Here you will find what students actually borrow to attend Kansas City Art Institute— how much they borrow, how that debt is spread across the student body, and what it costs to pay back. The data below is drawn directly from federal sources.
At Kansas City Art Institute specifically, 80% of freshmen borrow to help pay for their first year, at roughly $8,313 each — a figure that counts both private and federal student loans.
The average federal loan is $5,348, representing 97.2% of the $5,500 first-year federal borrowing limit for a typical dependent freshman. Remember the all-undergraduate figures below leave out private loans, so they will look lower than this private-plus-federal freshman amount.
Looking at all undergraduates at Kansas City Art Institute, freshmen included, 70% borrow through federal student loan programs, borrowing on average $6,574 in federal loans per year. It comes to 22.9% greater than the $5,348 typical freshmen borrow.
Borrowing at that rate every year works out to about $13,148 after two years and $26,296 after four. This projection keeps yearly federal borrowing flat and excludes private and Parent PLUS loans.
| Undergraduate federal borrowing | Value |
|---|---|
| Share using federal loans | 70% |
| Average federal loan per year | $6,574 |
| Undergraduates with a federal loan | 548 |
| Total federal loans (one year) | $3,602,470 |
The middle borrower at Kansas City Art Institute owes $21,500 in federal borrowing.
| Borrower group | Median federal debt |
|---|---|
| All federal borrowers | $21,500 |
| Students who completed (graduates) | $27,000 |
| Students who withdrew | $5,500 |
Debt carried by students who withdrew is a key risk signal — these borrowers owe money without having earned the credential.
Half of all borrowers fall between the 25th and 75th percentiles shown below for Kansas City Art Institute.
| Percentile | Cumulative Federal Debt |
|---|---|
| 10th percentile (lowest-debt students) | $3,801 |
| 25th percentile | $9,380 |
| 75th percentile | $30,750 |
| 90th percentile (highest-debt students) | $39,500 |
The gap between the 10th and 90th percentile is the clearest single measure of how widely borrowing varies at Kansas City Art Institute.
The figures above count only the students own federal loans. Adding PLUS loans (borrowed by parents or graduate students) gives a fuller picture of total borrowing at Kansas City Art Institute.
| Group | Borrowers | Median debt incl. PLUS |
|---|---|---|
| All borrowers | 133 | $23,100 |
| Completed (graduates) | 71 | $33,642 |
| Did not complete | 62 | $19,394 |
Completers face an estimated standard 10-year monthly payment on their PLUS-inclusive debt of roughly $400.04/mo.
These figures turn the debt totals into a monthly repayment picture for Kansas City Art Institute.
A loan default — failing to keep up with federal student-loan payments — is one of the worst financial outcomes a borrower can face. Two-year cohort default-rate data for Kansas City Art Institute appears below.
| Metric | Value |
|---|---|
| 2-year cohort default rate | 7.7% |
| Borrowers in the cohort | 219 |
This rate follows a borrower cohort from the start of repayment through the two-year window the Department of Education uses.
The breakdowns below show median federal debt by income, first-generation status, and dependency.
Borrowing by Income Tier
| Income tier | Median federal debt |
|---|---|
| Low income | $25,125 |
| Middle income | $19,682 |
| High income | $19,500 |
First-Gen vs Continuing-Gen Borrowing
| Cohort | Median federal debt |
|---|---|
| First-generation students | $21,402 |
| Continuing-generation students | $21,500 |
Dependent vs Independent Borrowers
| Cohort | Median federal debt |
|---|---|
| Dependent students | $21,500 |
| Independent students | $20,000 |
These pre-calculated indicators summarize the borrowing gaps between cohorts at Kansas City Art Institute.
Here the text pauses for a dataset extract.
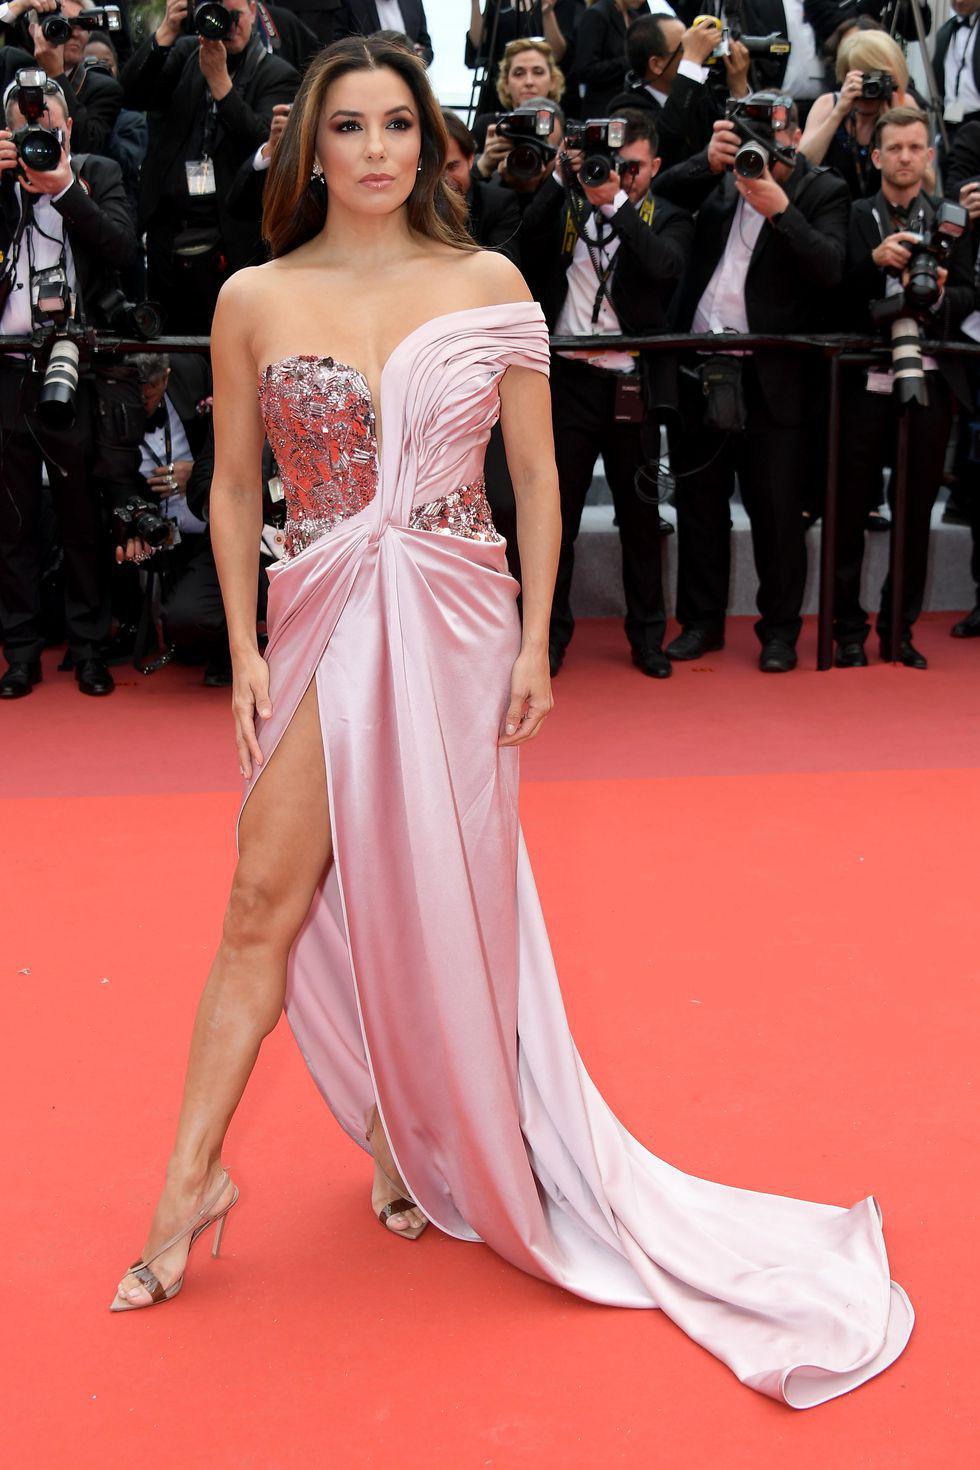 Cannes khai mạc với zombie, chính trị và bình đẳng giới - Ảnh 10.

Subsidized and Unsubsidized Loans
With an unsubsidized loan, interest starts adding up the day the loan is disbursed, including during school. Subsidized loans, by contrast, do not accrue interest while you are enrolled at least half-time, which makes them the less expensive option when you qualify.
Important to Remember
Unlike most other debt, federal student loans generally survive bankruptcy — and unpaid balances can lead to wage garnishment — so borrow only what you truly need.
References
More about our data sources and methodologies.